Raw data
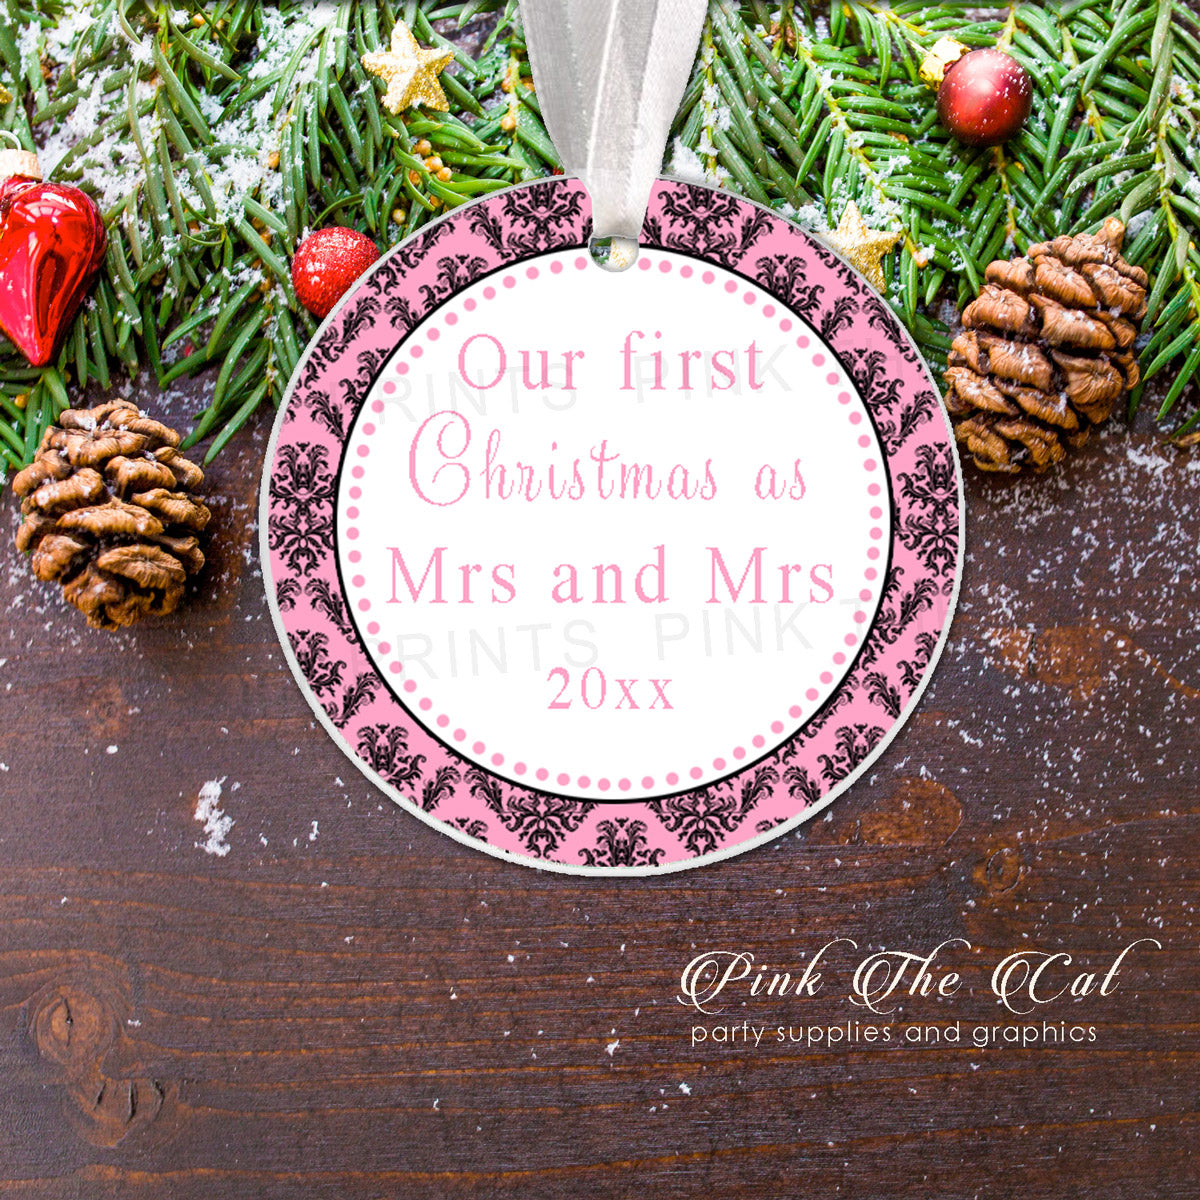 Personalized Christmas ornament newlyweds pink black
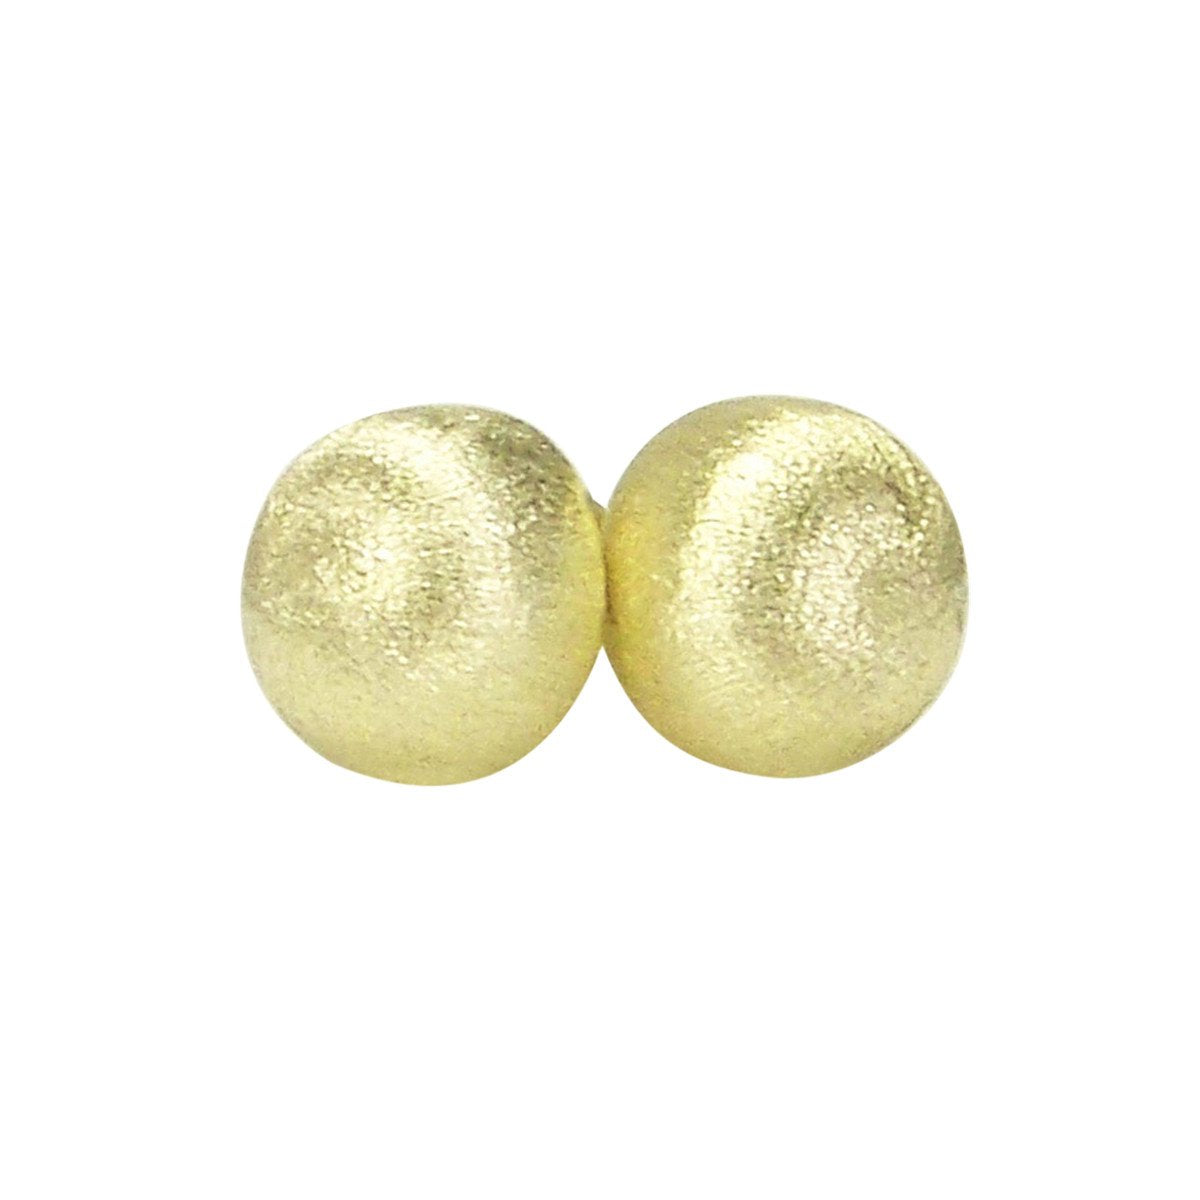 Pair of Sheila Fajl Lilou Ball Stud Earrings in Gold
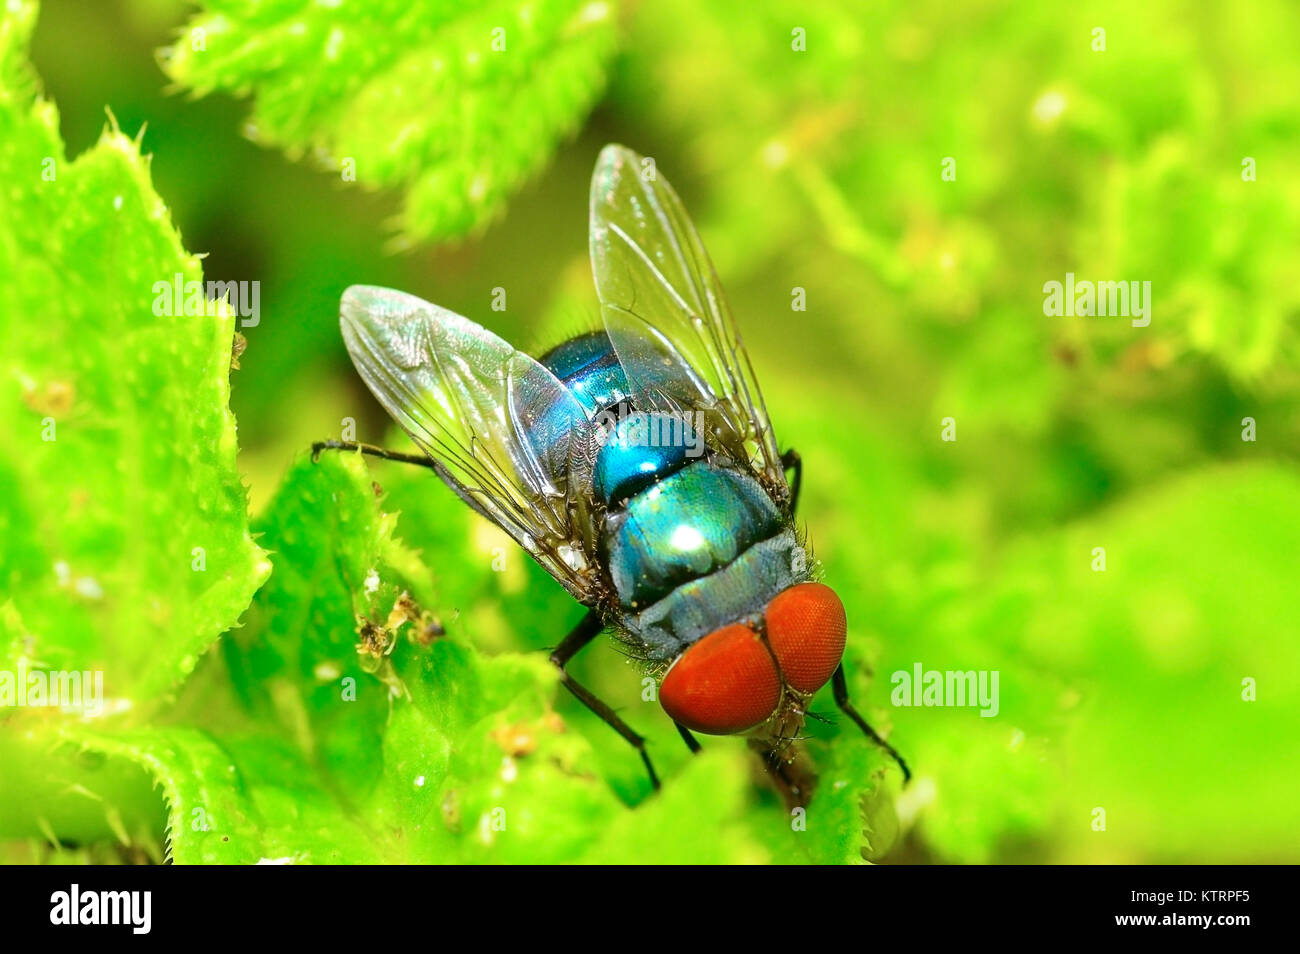 Common green bottle flies near Pune, Maharashtra Stock Photo

Exercise directions
Would you return the data above exactly as written, minus the images?

Response area
 Personalized Christmas ornament newlyweds pink black
 Pair of Sheila Fajl Lilou Ball Stud Earrings in Gold
 Common green bottle flies near Pune, Maharashtra Stock Photo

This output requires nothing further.